第5話 裏山

 結果的に、英樹がうさぎを病院に連れていくことはできなかった。週末を待たずして、うさぎは死んだ。金曜日の朝、巡回していた警備員が地面に横たわって動かなくなったうさぎを見つけたのだ。学校に報告した集まった教員たちで、死んでいるのが確認された。曇り空の日だった。


 教員には朝礼で周知された。同時に、うさぎ飼育はこれを機にやめ、うさぎ小屋も取り壊すことが告げられた。校長の語りによどみはなく、前々から決めていたようだった。小野は終始、にやついているように見えた。残念ながら。そんな言葉から始まった校長の話は、まったく残念そうな響きがなかった。

 生徒の中にも朝、うさぎが死んでいるのを見た人がいるようで、その事実は教室をまたいで学校中を駆け巡っていた。


 昼休み。ようやく時間ができた英樹はうさぎ小屋の様子を見に行くことができた。

 小屋の前には、ベンチに座る由紀子と佳枝の姿があった。二人とも、弁当を太ももの上に広げている。


「内野」


 英樹は由紀子の前に立つなり、頭を下げた。「本当にごめん」うさぎが死んだことを知ってからずっと口にしたかった言葉を、ようやく言うことができる。
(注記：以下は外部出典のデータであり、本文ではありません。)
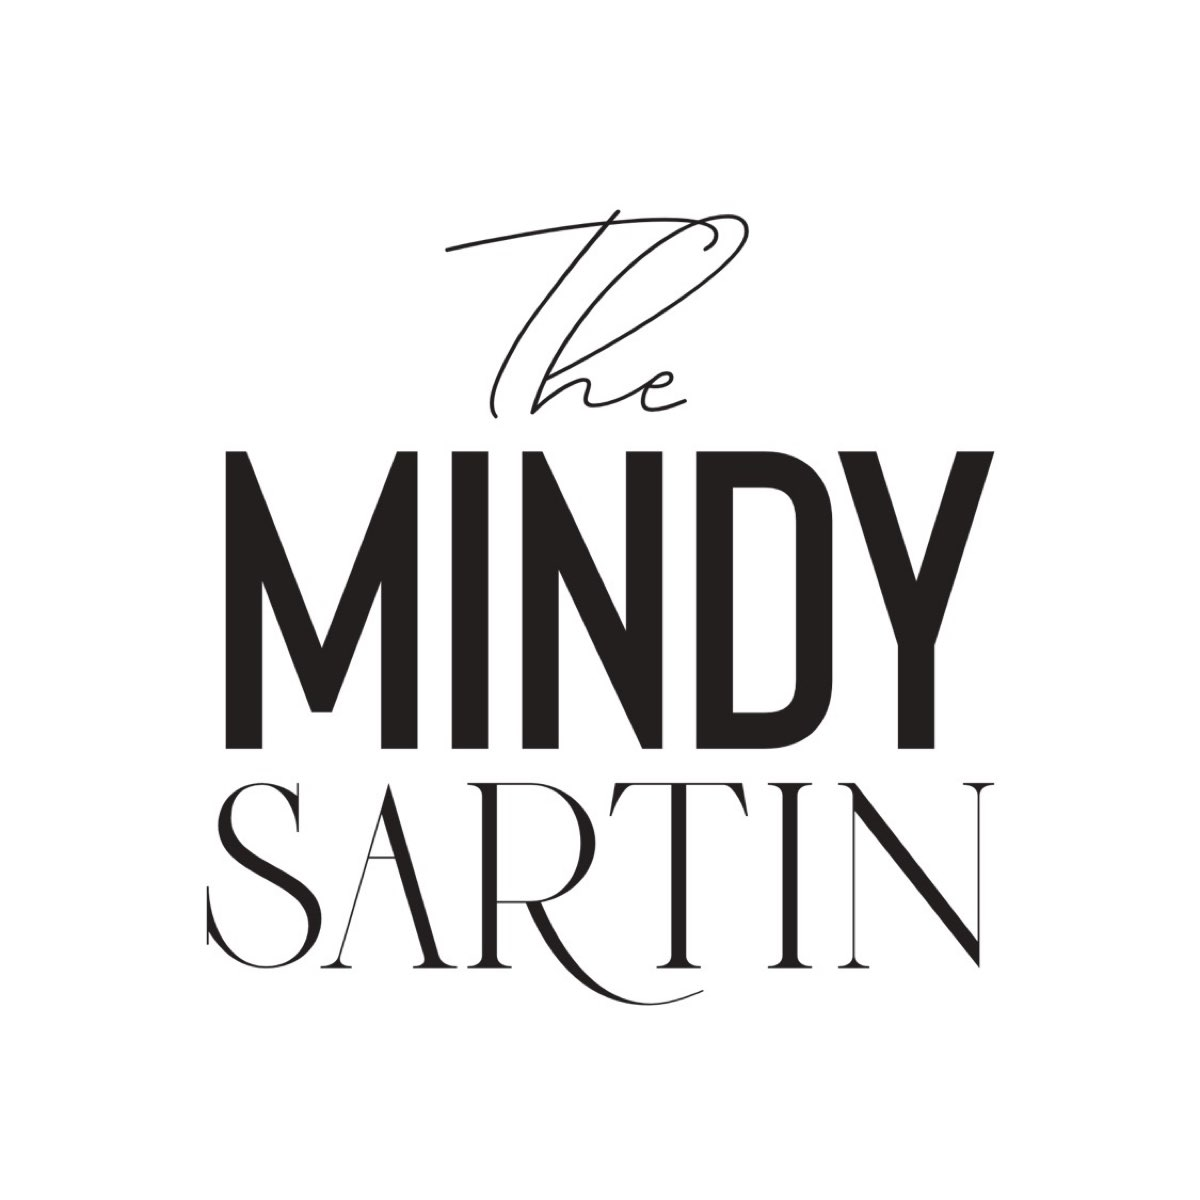 The Mindy Sartin logo

「俺がもっとはやく、病院に連れていけば、こんなことには」


 病院のあては見つかっていない。けれど、自分がもっとはやく動き出していたら、もっときちんと病院を探していたら、由紀子を悲しませることはなかったのではないか。そんな悔しさが込み上げてくる。

 由紀子が慌てたようにかぶりを振った。


「せっ、先生のせいじゃないです」


 でも、と喰い下がる英樹に、由紀子は「ほんとうに先生のせいじゃないです」と繰り返す。

 由紀子にしてはめずらしく、はっきりとした揺るぎのない口調だった。

 由紀子を尻目に、英樹は小屋へ足を踏み入れる。

 うさぎは段ボールに入れられていた。

 お腹の中にいる赤ちゃんのような姿勢で、クッションの上にのっている。周囲は、腐敗を遅くするための保冷剤で囲まれていて、耳後ろのしこりは目に見えるほど大きくなっていた。


「ごめん」


 静かに謝って、そっと段ボールを閉じる。

 肩越しに心配を含んだ声が届いた。


「……これからうーちゃんはどうなるんですか?」


 由紀子が小屋の外で、英樹が出てくるのを待っている。英樹は頭が当たらないように身をかがめて、小屋を出た。


「とりあえずは、自治体とかに頼んで遺体を火葬してもらうみたい。前もそうやってたって」


 お金かかるんだよな、という小野の愚痴を、頭が勝手に思い出す。


「じゃあもう、お別れなんですね……」


 由紀子が唇をかみしめる。少しでも慰めようと、英樹は口を開く。


「遺骨をいただけないか、業者の方に頼んでみるな」


 ありがとうございます、そう返す由紀子の声は小さい。

 じゃあ、と言い残して英樹は校舎へ戻った。昼食をとって、午後の授業準備をしなければならない。

 



 問題が起きたのは放課後だった。

 うさぎの死体が消えた。保健室の先生が死体の保存状態を確認しに小屋へ行ったところ、死体を保管していた段ボールごと消えていた。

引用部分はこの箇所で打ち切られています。